• _Information provided_

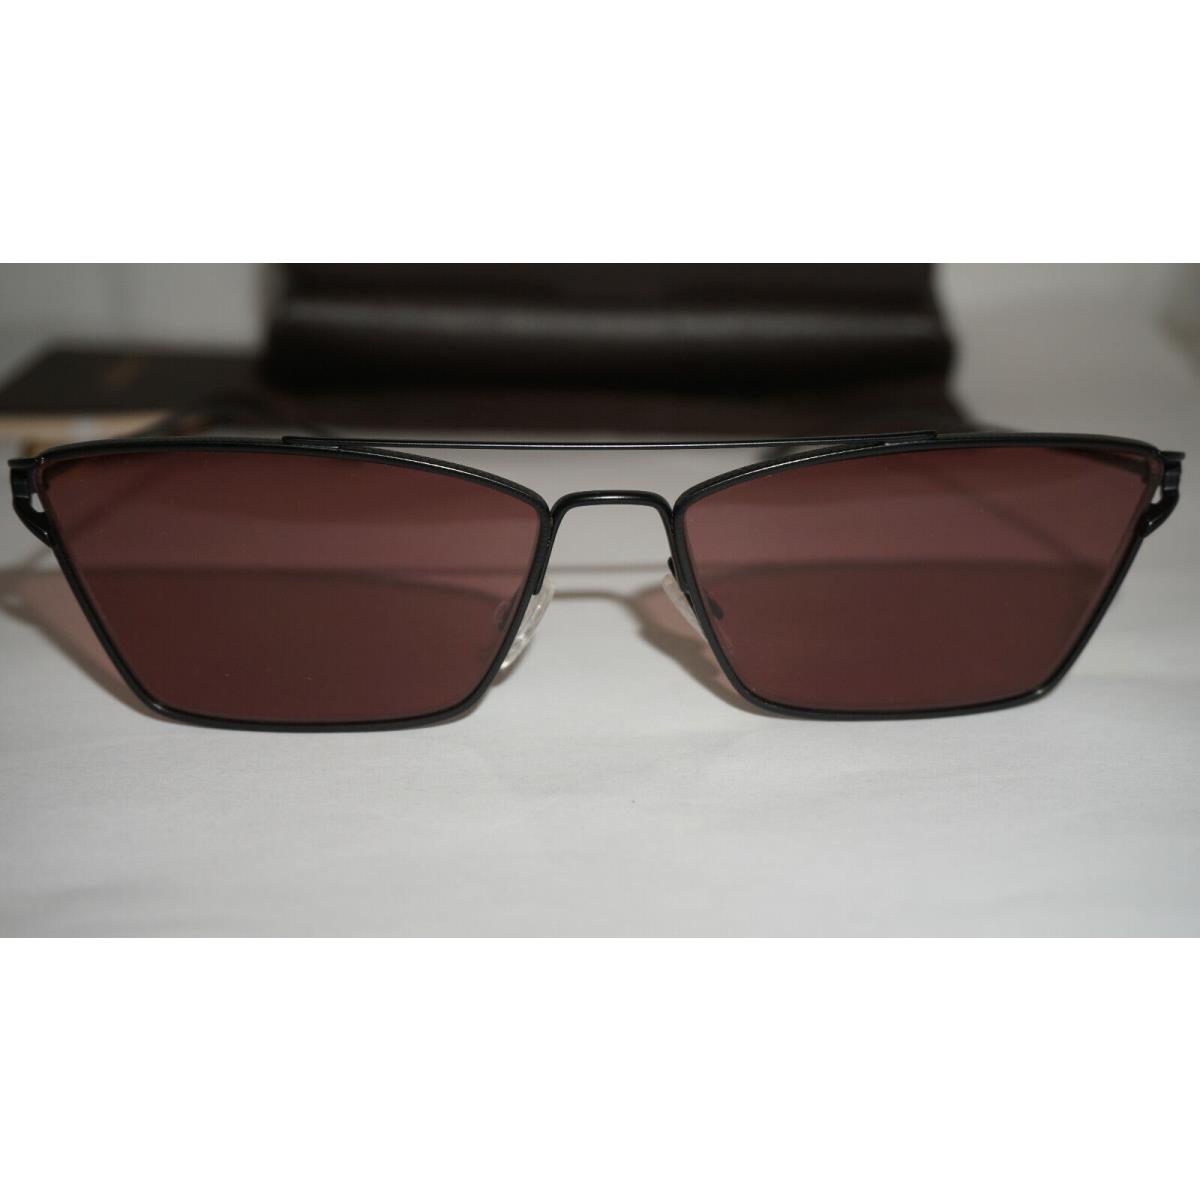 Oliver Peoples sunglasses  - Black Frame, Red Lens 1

* * *

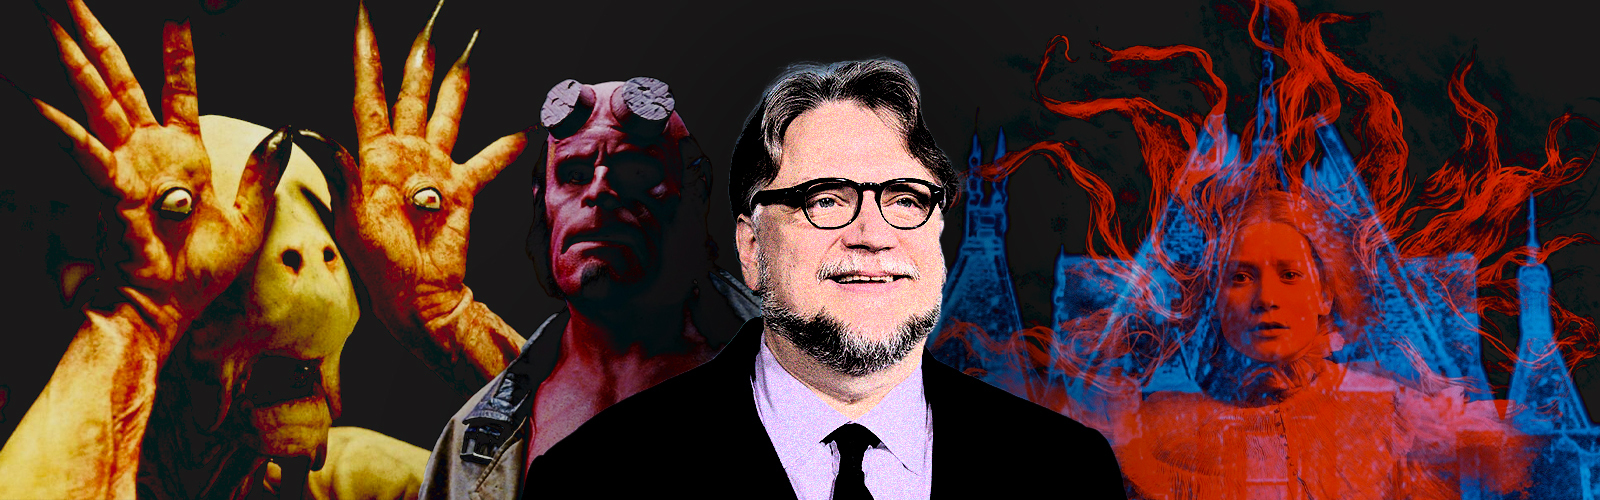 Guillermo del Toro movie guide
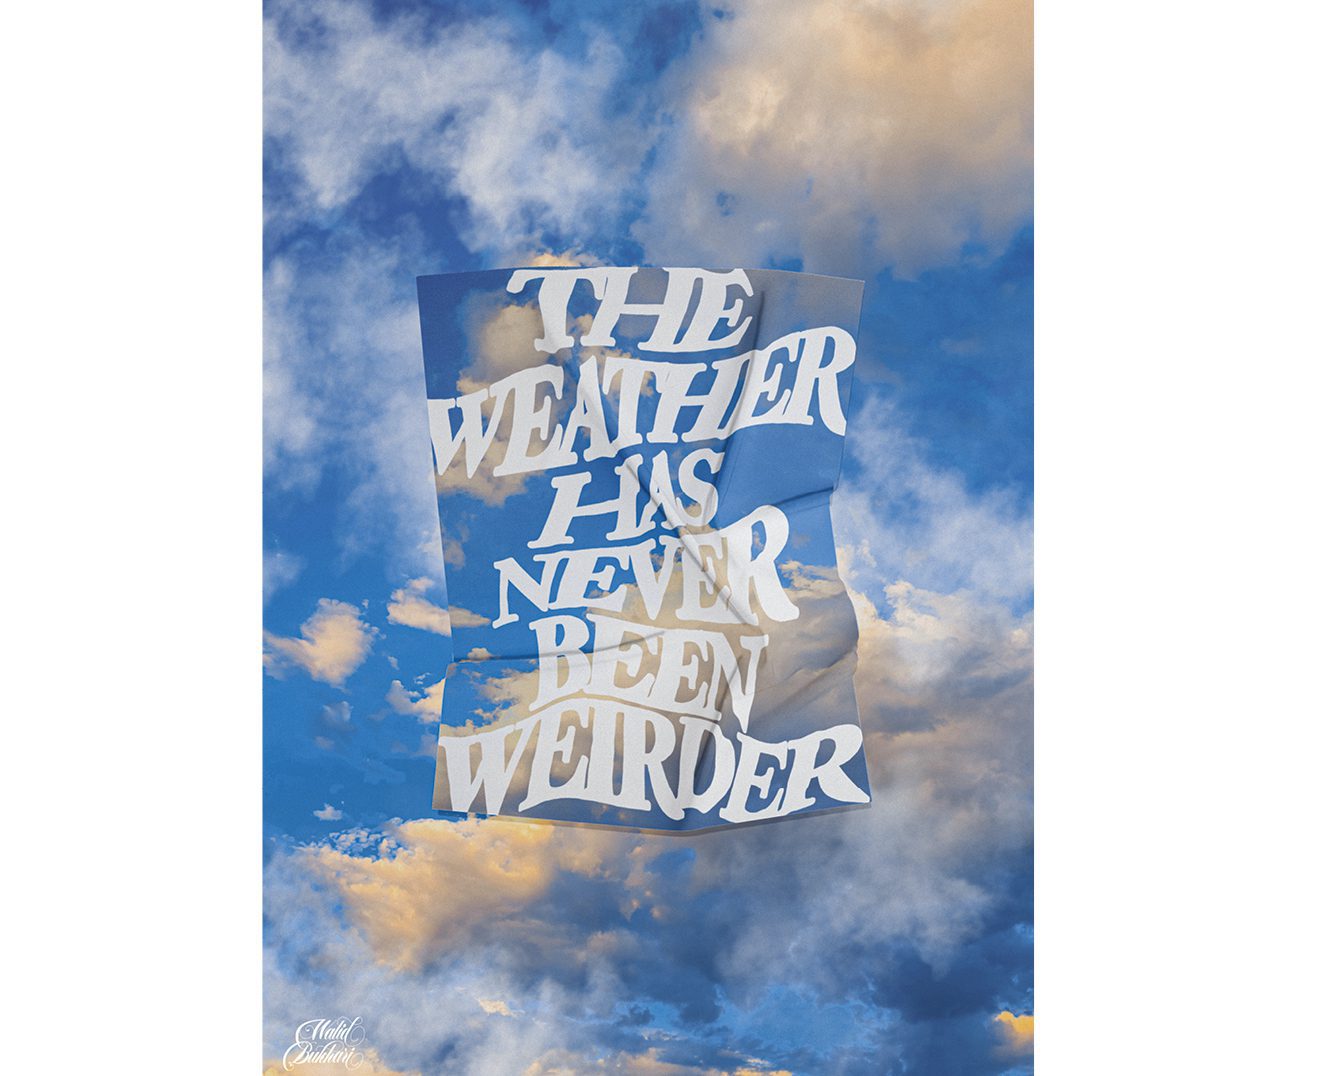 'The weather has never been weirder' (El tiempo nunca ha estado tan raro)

• _Work task_
With the pictures removed, print only the lines starting at the line that has "Guillermo del Toro movie guide" and ending at the line that has "estado tan raro)", both ends included, exactly as they stand above.

• _Answer for the task_
 Guillermo del Toro movie guide
 'The weather has never been weirder' (El tiempo nunca ha estado tan raro)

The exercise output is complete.